Re: Introduce XID age and inactive timeout based replication slot invalidation

From

Amit Kapila

Date:

12 February, 06:55:53

On Tue, Feb 11, 2025 at 9:39 PM Nathan Bossart <nathandbossart@gmail.com> wrote:
>
> On Tue, Feb 11, 2025 at 03:22:49PM +0100, Álvaro Herrera wrote:
> > I find this proposed patch a bit strange and I feel it needs more
> > explanation.
> >
> > When this thread started, Bharath justified his patches saying that a
> > slot that's inactive for a very long time could be problematic because
> > of XID wraparound.  Fine, that sounds a reasonable feature.  If you
> > wanted to invalidate slots whose xmins were too old, I would support
> > that.  He submitted that as his 0004 patch then.
> >
> > However, he also chose to submit 0003 with invalidation based on a
> > timeout.  This is far less convincing a feature to me.  The
> > justification for the time out seems to be that ... it's difficult to
> > have a one-size-fits-all value because size of disks vary. (???)
> > Or something like that.  Really?  I mean -- yes, this will prevent
> > problems in toy databases when run in developer's laptops.  It will not
> > prevent any problems in production databases.  Do we really want a
> > setting that is only useful for toy situations rather than production?
> >
> >
...
> >
> > I'm baffled.
>
> I agree, and I am also baffled because I think this discussion has happened
> at least once already on this thread.
>

Yes, we previously discussed this topic and Robert seems to prefer a
time-based parameter for invalidating the slot (1)(2) as it is easier
to reason in terms of time. The other points discussed previously were
that there are tools that create a lot of slots and sometimes forget
to clean up slots. Bharath has seen this in production and we now have
the tool pg_createsubscriber that creates a slot-per-database, so if
for some reason, such slots are not cleaned on the tool's exit, such a
parameter could save the cluster. See (3)(4).

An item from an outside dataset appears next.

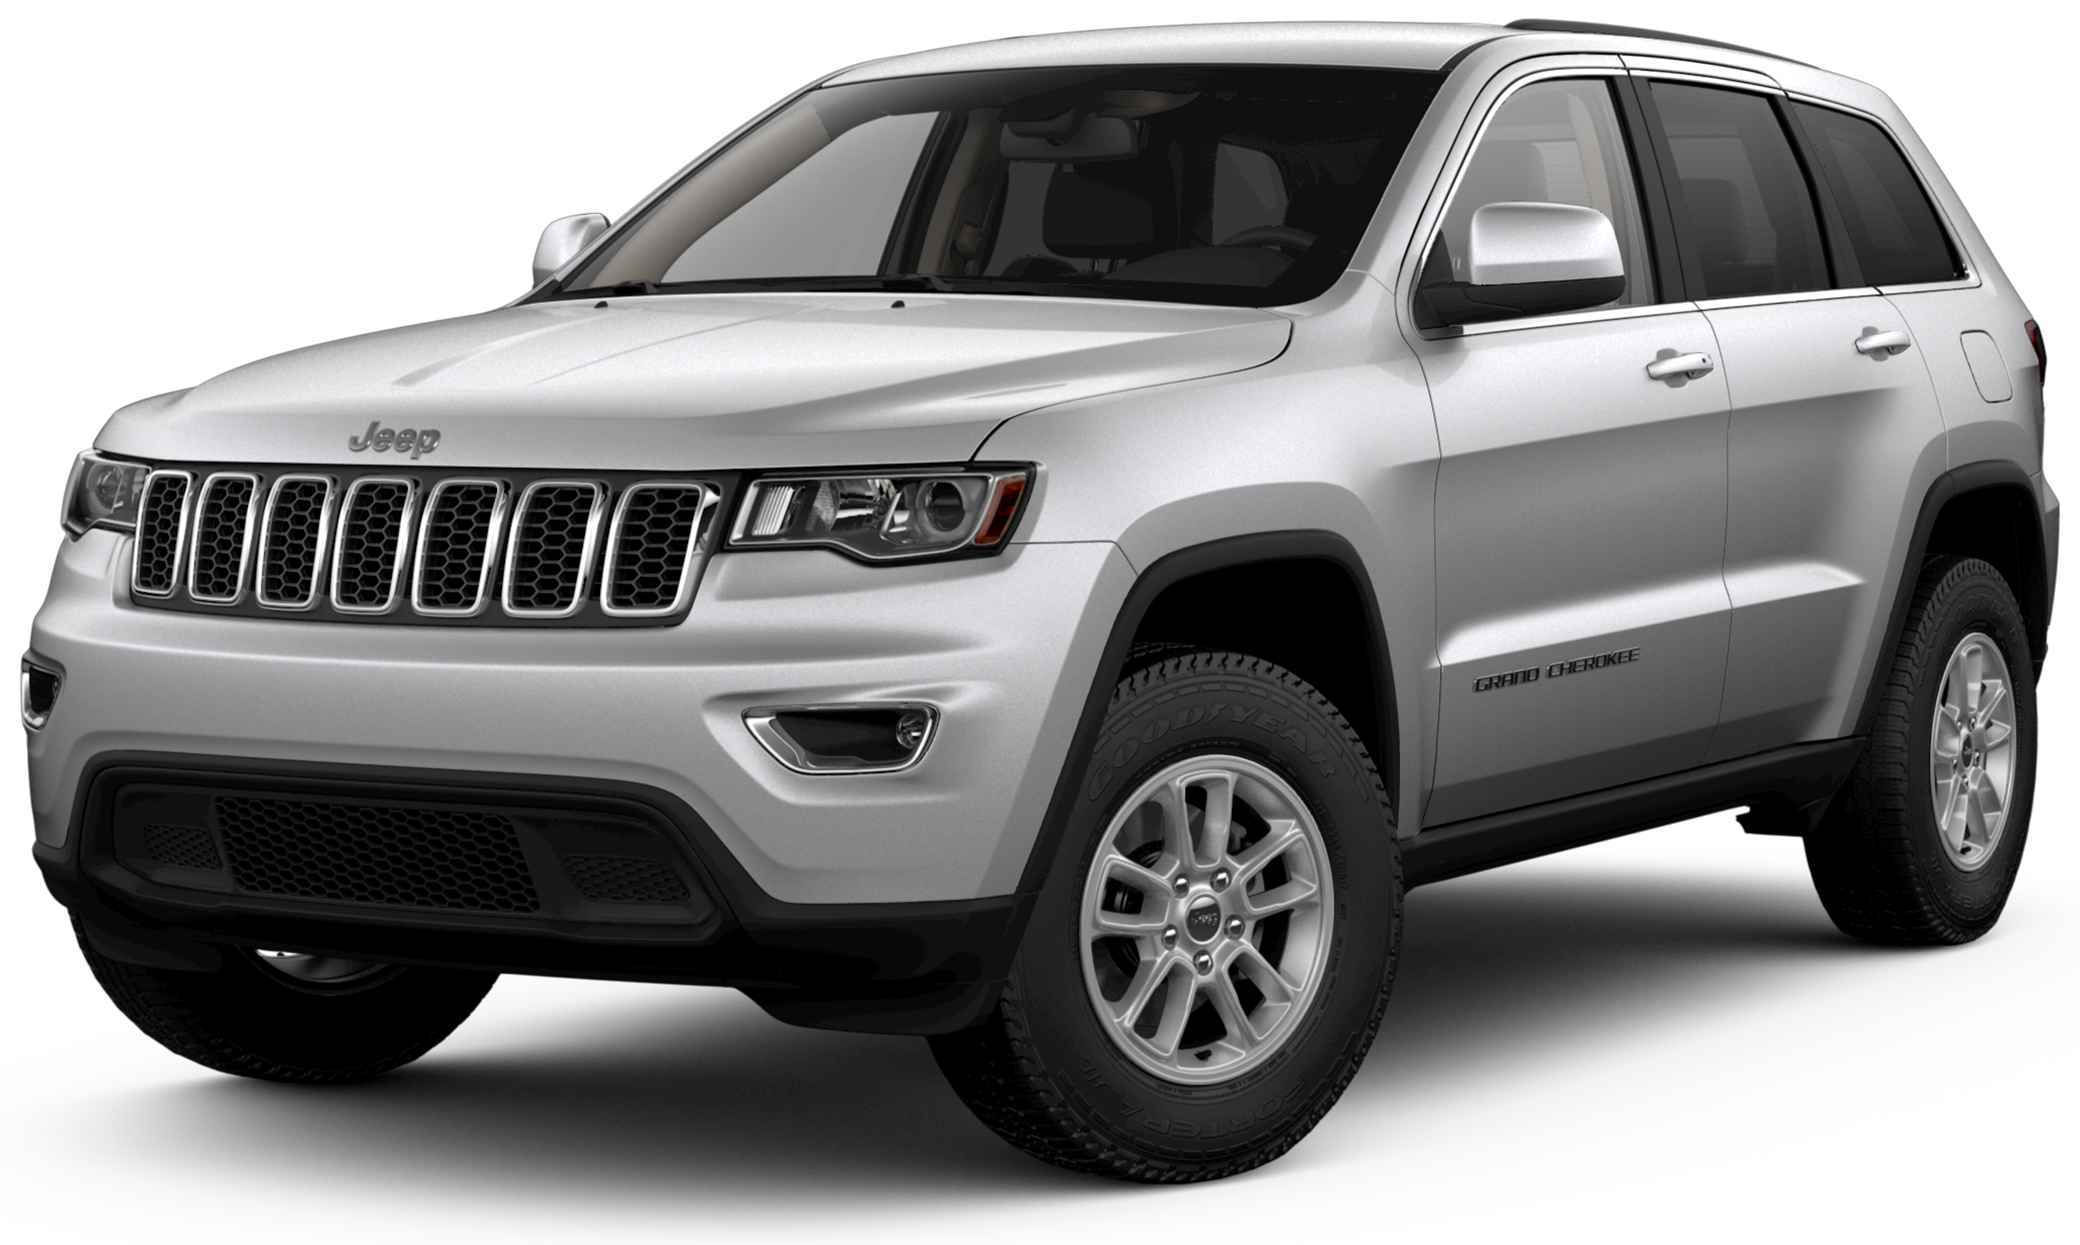 2019-jeep-grand-cherokee-incentives-specials-offers-in-wilkes-barre-pa
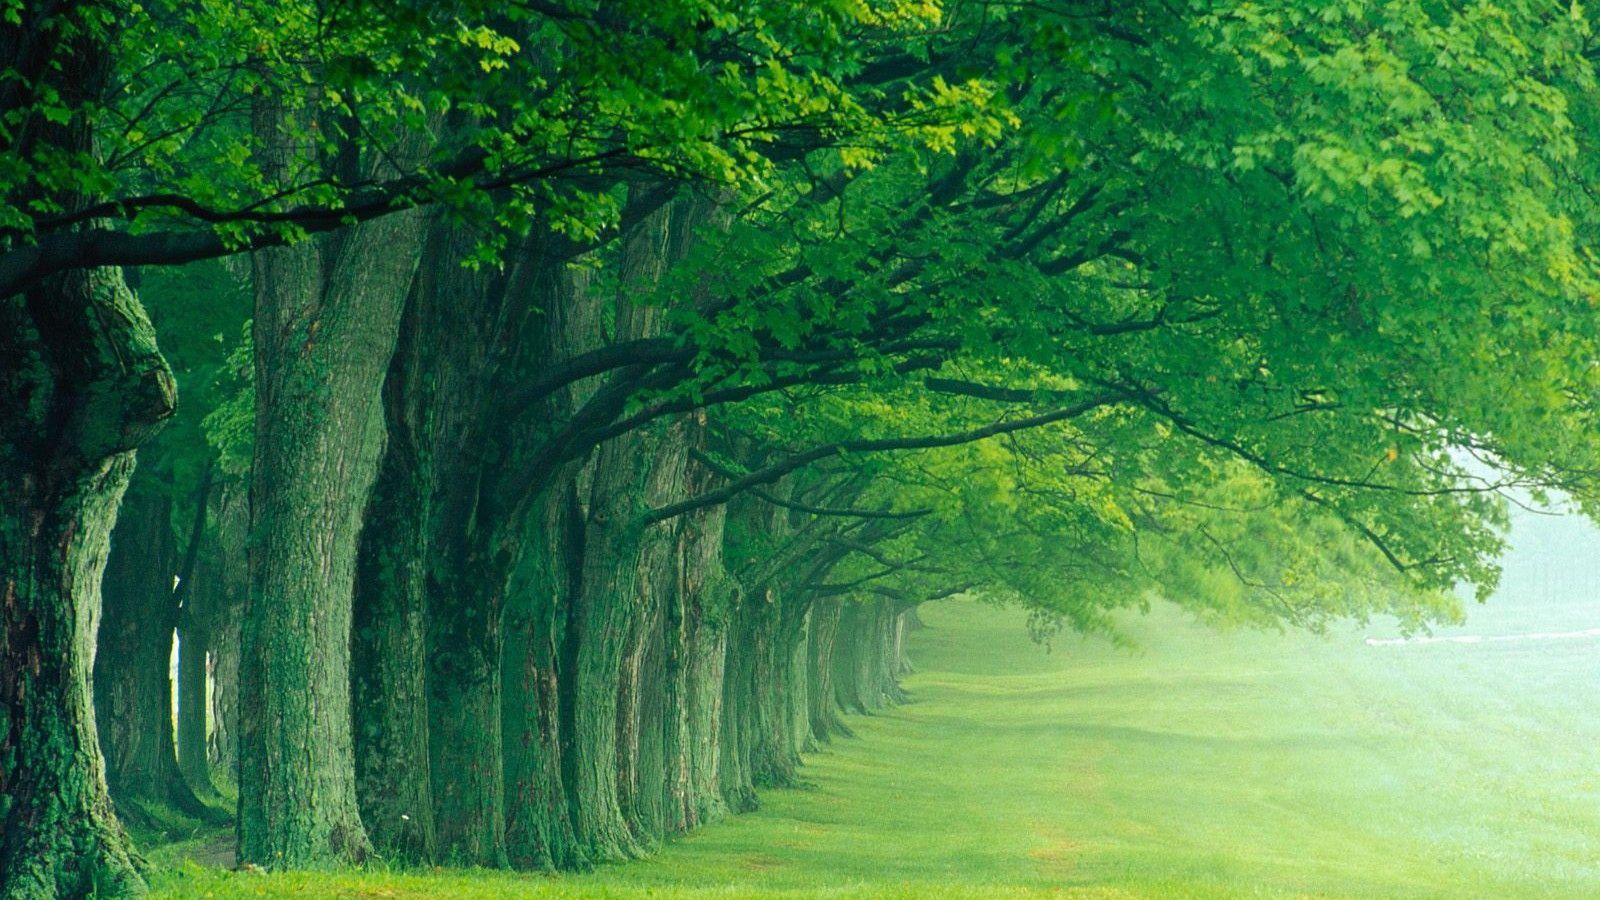 All Green Trees in One Line and Living Toward One Direction, a Favorable Natural Scene, Great for Eye and Environment Protection

Also, we previously didn't have a good experience with XID-based
threshold parameters like vacuum_defer_cleanup_age as mentioned by
Robert (1). AFAICU from the previous discussion we need a time-based
parameter and we didn't rule out xid_age based parameter as another
parameter.

(1) - https://www.postgresql.org/message-id/CA%2BTgmoZTbaaEjSZUG1FL0mzxAdN3qmXksO3O9_PZhEuXTkVnRQ%40mail.gmail.com
(2) - https://www.postgresql.org/message-id/CA%2BTgmoaRECcnyqxAxUhP5dk2S4HX%3DpGh-p-PkA3uc%2BjG_9hiMw%40mail.gmail.com
(3) - https://www.postgresql.org/message-id/CALj2ACVFV%3DyUa3DXXfJLOtJxUM8qzC_mEECMJ2iekDGPeQLkTw%40mail.gmail.com
(4) - https://www.postgresql.org/message-id/CAA4eK1L3awyzWMuymLJUm8SoFEQe%3DDa9KUwCcAfC31RNJ1xdJA%40mail.gmail.com

--
With Regards,
Amit Kapila.

RE: Introduce XID age and inactive timeout based replication slot invalidation

From

"Zhijie Hou (Fujitsu)"

Date:

12 February, 10:46:22

On Wednesday, February 12, 2025 11:56 AM Amit Kapila <amit.kapila16@gmail.com> wrote:
> 
> On Tue, Feb 11, 2025 at 9:39 PM Nathan Bossart
> <nathandbossart@gmail.com> wrote:
> >
> > On Tue, Feb 11, 2025 at 03:22:49PM +0100, Álvaro Herrera wrote:
> > > I find this proposed patch a bit strange and I feel it needs more
> > > explanation.
> > >
> > > When this thread started, Bharath justified his patches saying that
> > > a slot that's inactive for a very long time could be problematic
> > > because of XID wraparound.  Fine, that sounds a reasonable feature.
> > > If you wanted to invalidate slots whose xmins were too old, I would
> > > support that.  He submitted that as his 0004 patch then.
> > >
> > > However, he also chose to submit 0003 with invalidation based on a
> > > timeout.  This is far less convincing a feature to me.  The
> > > justification for the time out seems to be that ... it's difficult
> > > to have a one-size-fits-all value because size of disks vary. (???)
> > > Or something like that.  Really?  I mean -- yes, this will prevent
> > > problems in toy databases when run in developer's laptops.  It will
> > > not prevent any problems in production databases.  Do we really want
> > > a setting that is only useful for toy situations rather than production?
> > >
> > >
> ...
> > >
> > > I'm baffled.
> >
> > I agree, and I am also baffled because I think this discussion has
> > happened at least once already on this thread.
> >
> 
> Yes, we previously discussed this topic and Robert seems to prefer a
> time-based parameter for invalidating the slot (1)(2) as it is easier to reason in
> terms of time. The other points discussed previously were that there are tools
> that create a lot of slots and sometimes forget to clean up slots. Bharath has
> seen this in production and we now have the tool pg_createsubscriber that
> creates a slot-per-database, so if for some reason, such slots are not cleaned
> on the tool's exit, such a parameter could save the cluster. See (3)(4).
> 
> Also, we previously didn't have a good experience with XID-based threshold
> parameters like vacuum_defer_cleanup_age as mentioned by Robert (1).
> AFAICU from the previous discussion we need a time-based parameter and we
> didn't rule out xid_age based parameter as another parameter.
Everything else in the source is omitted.